Она смотрит на меня не дыша. Я читаю только ей. Другим, кажется, нет никакого дела ни до меня, ни до моей прозы — из соседнего зала доносится неясный стук фужеров. С последнего ряда поднимается читатель и тихо исчезает. Жрать он сюда пришел, что ли?! За ним к выходу скользят еще три фигуры. Гремят стулья. Беспокойно оглядываются и тут же подтягиваются к выходу журналисты. Спустя несколько минут все — кто стыдливо, на полусогнутых, кто — не таясь, покидают меня ради шампанского и бутербродов. До победного остается только первый ряд и девчонка с глубокими глазами — во втором.

II
Сегодня можно купить любого — дело лишь в цене. Кому-то хватает снисходительной сановной улыбки, кто-то нуждается хотя бы в двухкомнатной квартире, а иной мечтает о собрании собственных сочинений. И не о полном, посмертном, а — пока еще сердечко стучит.

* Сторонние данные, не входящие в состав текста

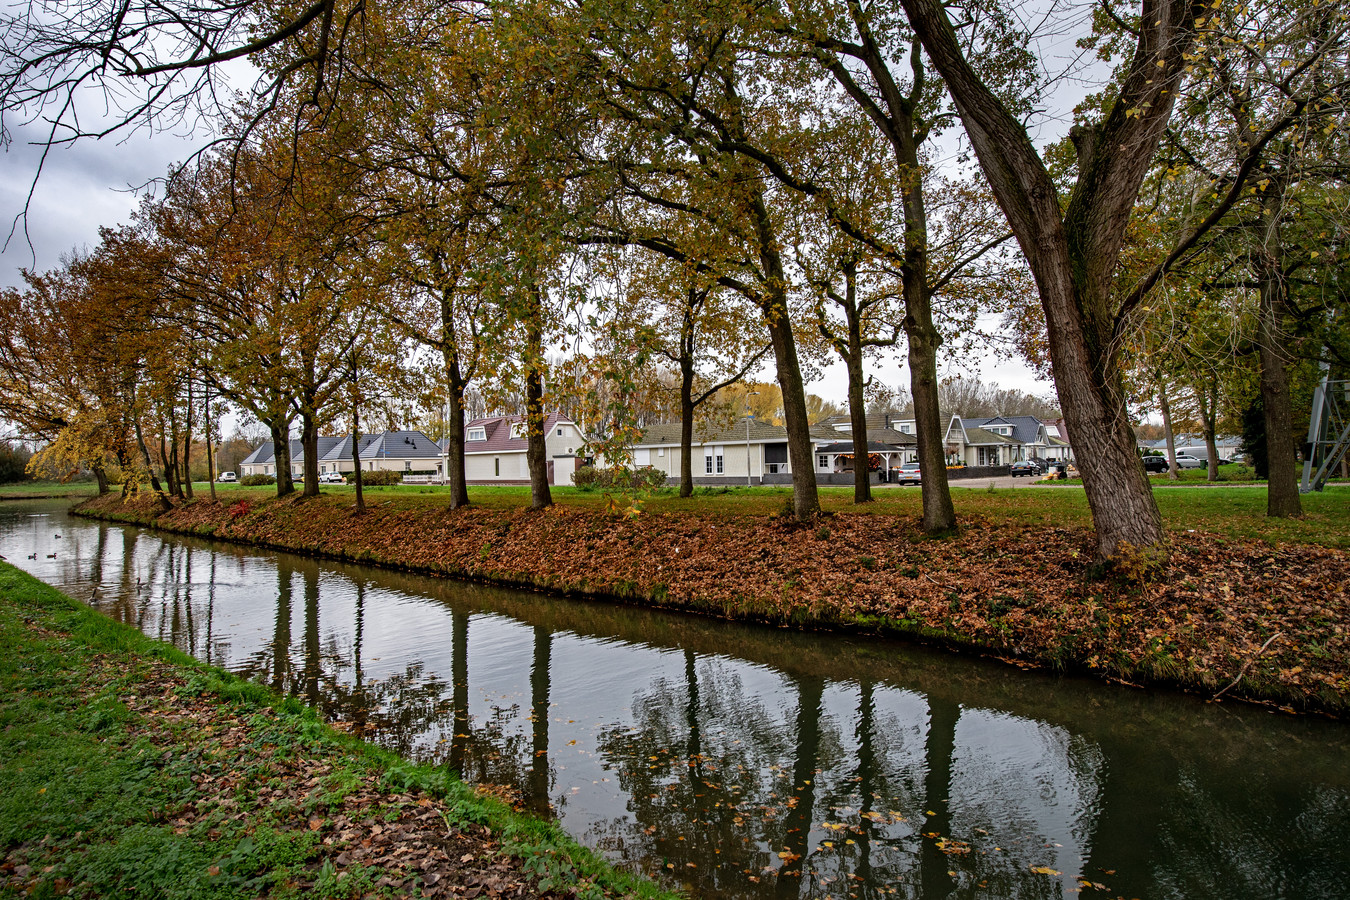 Woonwagenkamp Teersdijk
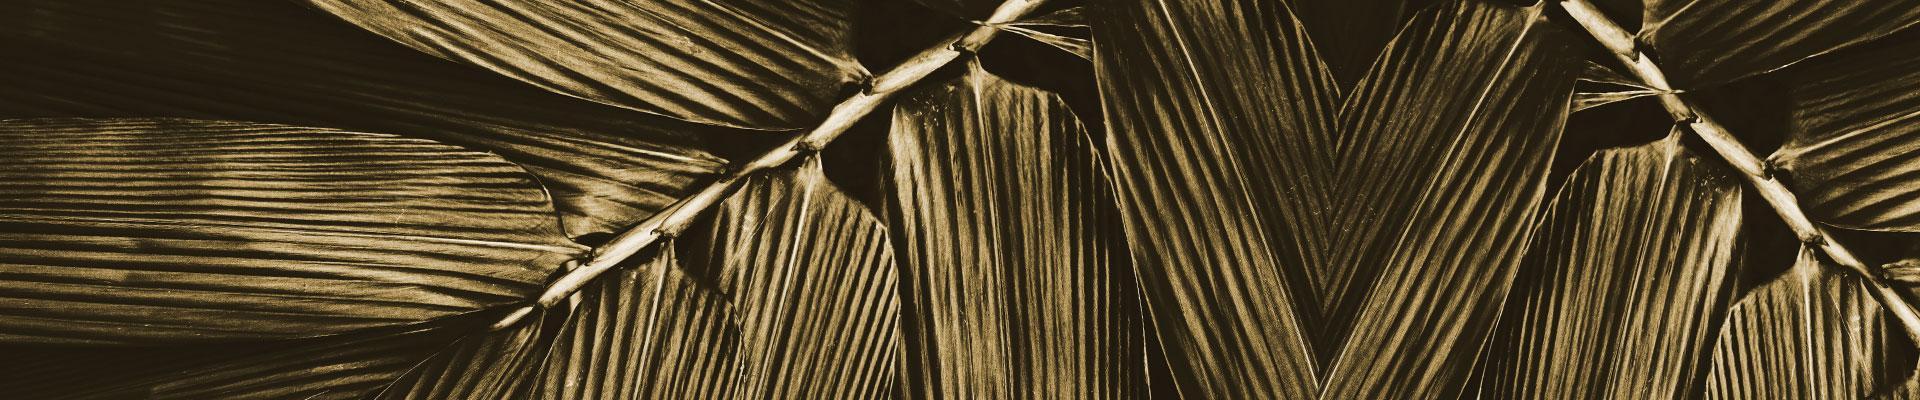 BambuBlack banner 1

Я не продаюсь. Не могу. В конце концов, мои творения — не для сегодняшнего дня. Я собираюсь оставить после себя книги, которые будут читать даже внуки той рыжей девчонки, что месяц назад внимала мне на презентации. Ради этих глаз стоит творить, стоит быть собой. Но не продаваться становится все труднее. Хотя, казалось бы — куда легче, просто пиши о том, что волнует лично тебя. И не подыгрывай читателям. Но с каждым днем их почему-то становится все меньше. А писателей — все больше. Парадокс в духе Макса Фриша! Об этом я думаю постоянно. Борька же Широков, променявший незаурядный писательский талант на квартиру в Москве, не задумывается. Он просто шлепает детективы из серии «океан крови, умная следовательша и дурной бандит». Уже с год как Борька пропал, а раньше, кажется, не бывало вечера, чтоб не позвонил — поболтать, прочесть новый рассказ. Добрынин недавно сотворил двухтомник избранной лирики на мафиозные деньги. И — плевать, кто там что о нем подумает...
Я не способен ни на то, ни на другое. Но жизнь давит, быт заедает. Не могу переключить мысли на творчество — тумблер заело, и теперь я думаю лишь о том, как выжить. Графоманы плодятся в геометрической прогрессии, они все — непризнанные гении, у них вечно находится о чем писать и всегда есть деньги на многочисленные сборники.
Звенит будильник, зовет к творчеству, но в голове опять — ни строчки. Надеваю шорты (старые джинсы с отрезанными штанинами), свитер... Вчера снова приходила Варвара, вытянула все жилы («Когда ты, наконец, работать будешь? Ты же умный и способный, в хоромах можешь жить. Хочешь, в фирму устрою?..»), попутно сварила борщ, но есть его — настроения нет. Обхожусь стандартной яичницей и возвращаюсь в комнату.
Лежащий передо мной лист трепетно ждет строчек, а что я могу ему предложить? Да вот, хотя бы — об этой самой продажности. Итак, один талантливый писатель, назовем его N...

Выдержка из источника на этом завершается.